TASK TO CARRY OUT =
The listing is to be reproduced exactly, excluding its pictures.

DATA SHOWN =
============
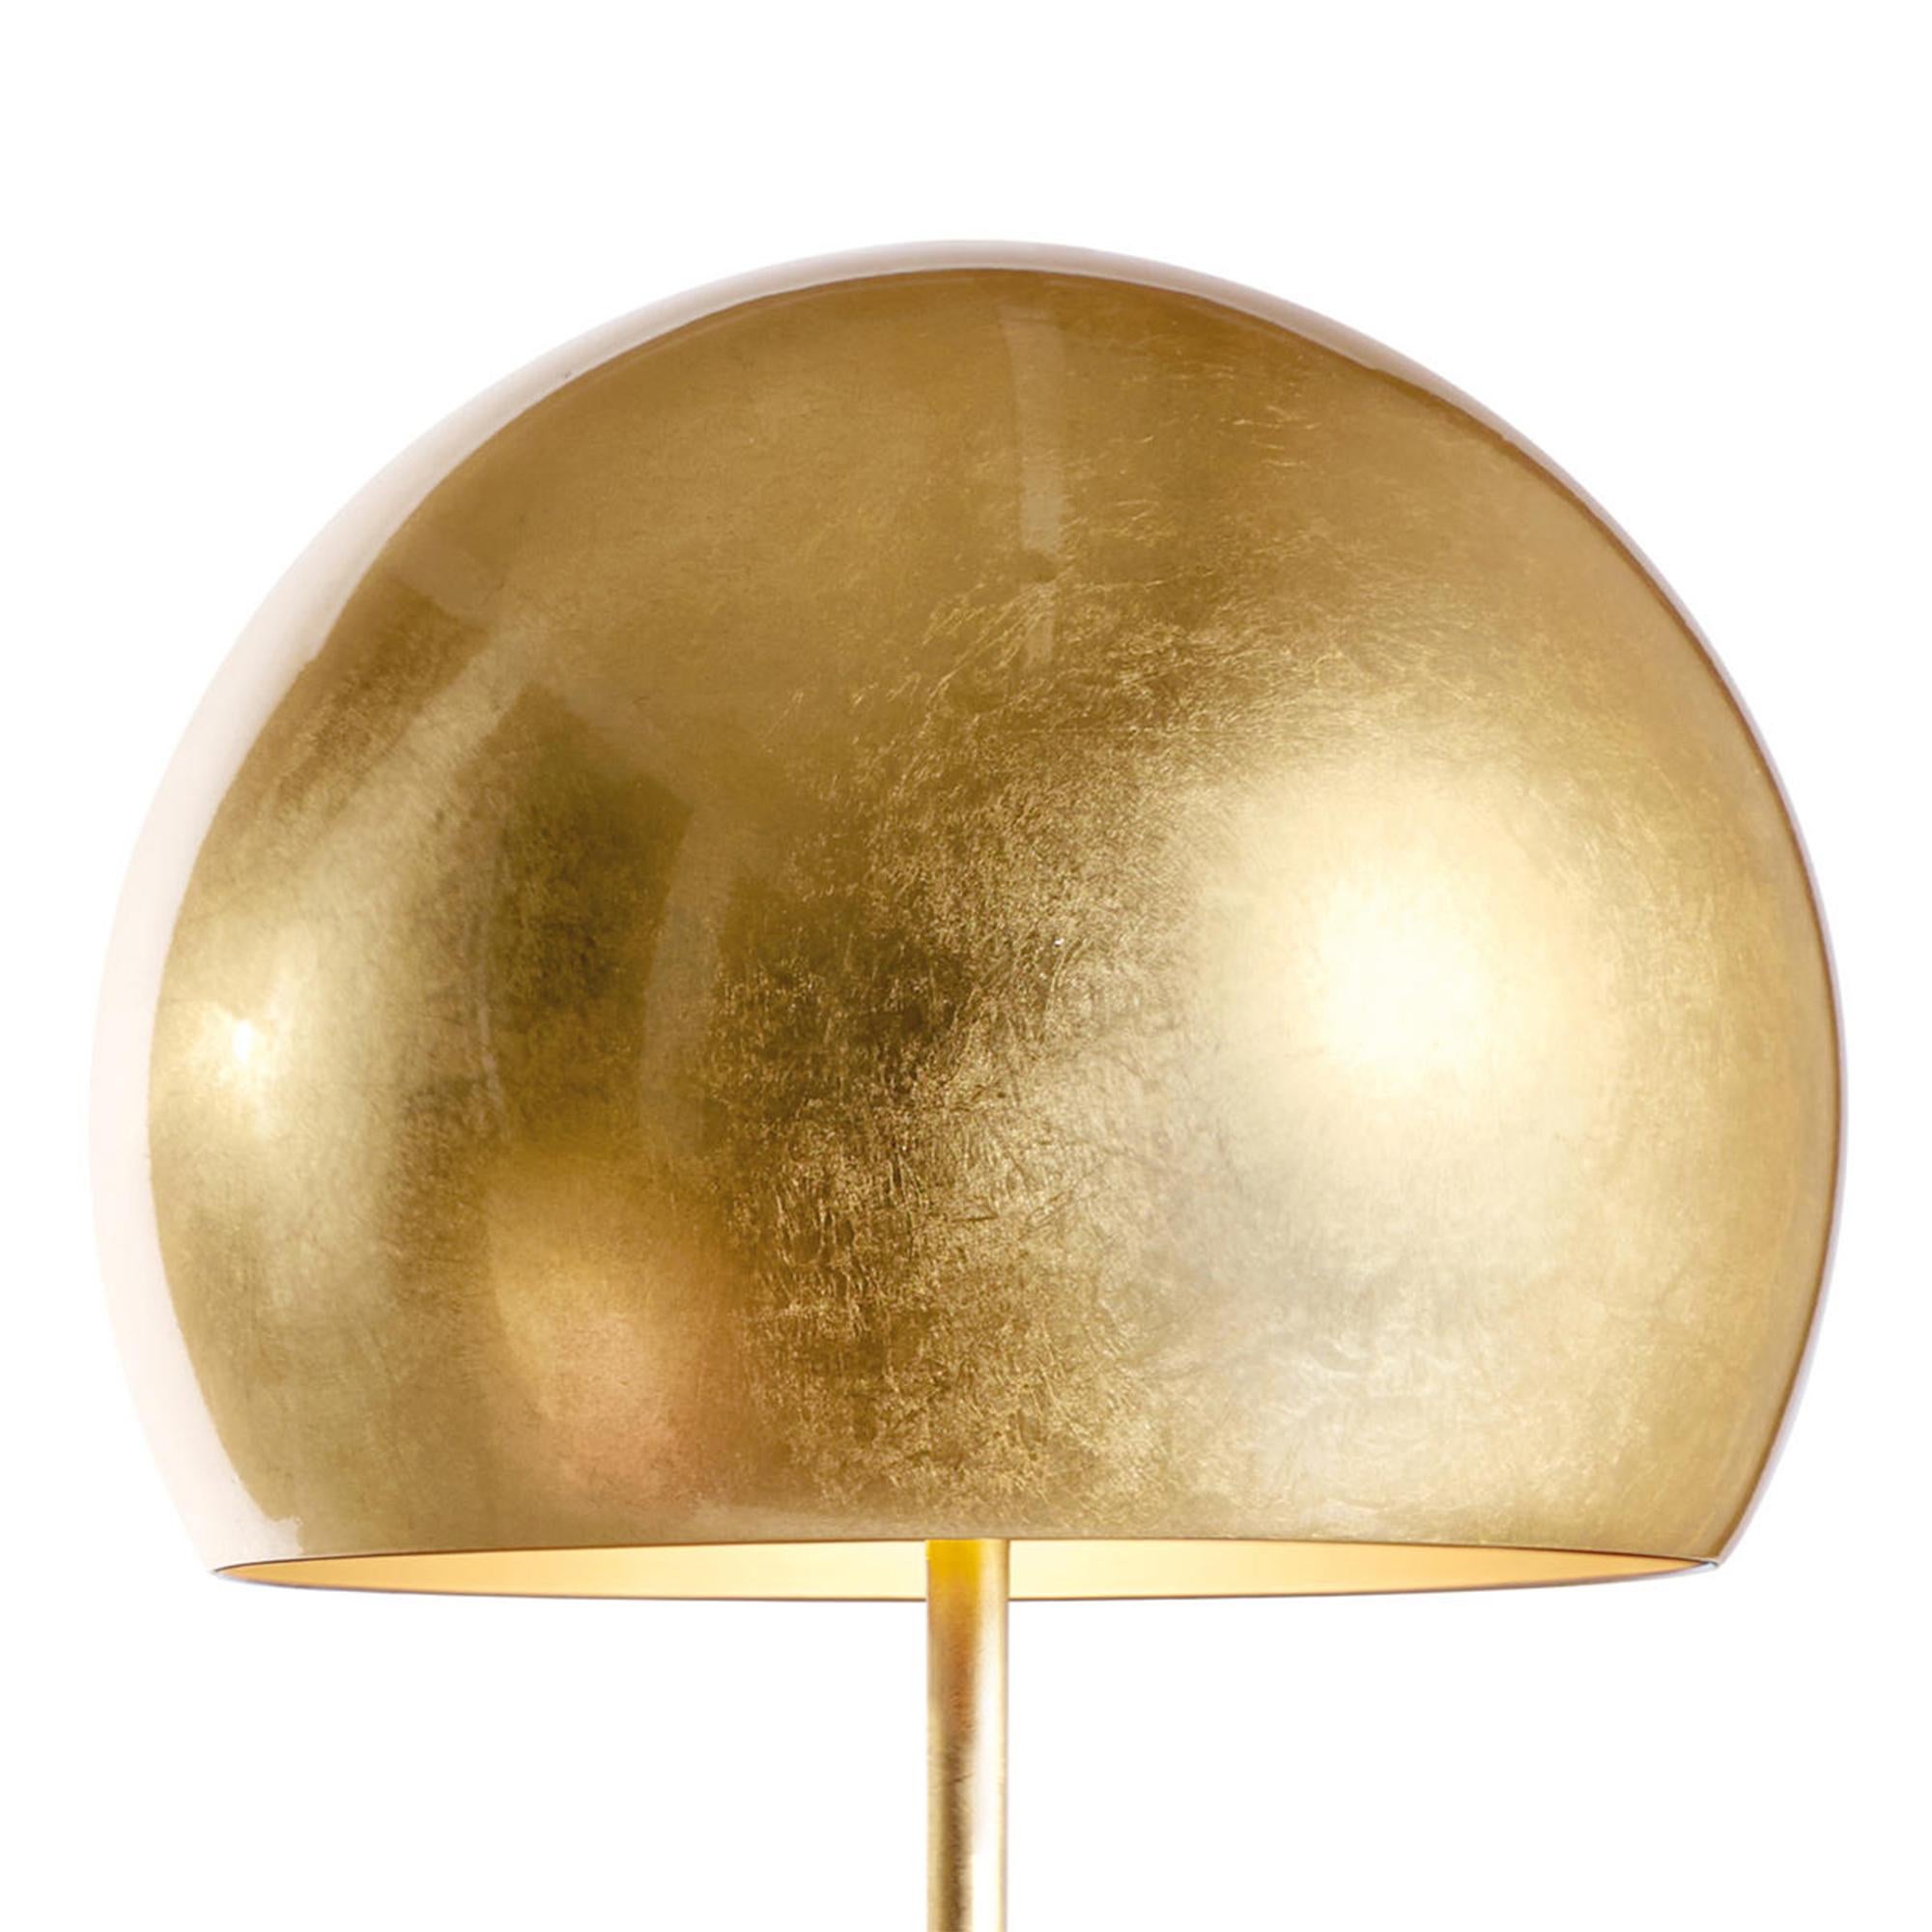 Lampe de table dôme feuille d'or avec base et pieds en fer
et avec un abat-jour en aluminium, le tout recouvert de feuilles d'or
et dans l'abat-jour intérieur verni à l'or. Avec 2 ampoules, lampe
support de type E27, max 60 watt. Ampoules non
============
EXERCISE RESULT =
 Lampe de table dôme feuille d'or avec base et pieds en fer
et avec un abat-jour en aluminium, le tout recouvert de feuilles d'or
et dans l'abat-jour intérieur verni à l'or. Avec 2 ampoules, lampe
support de type E27, max 60 watt. Ampoules non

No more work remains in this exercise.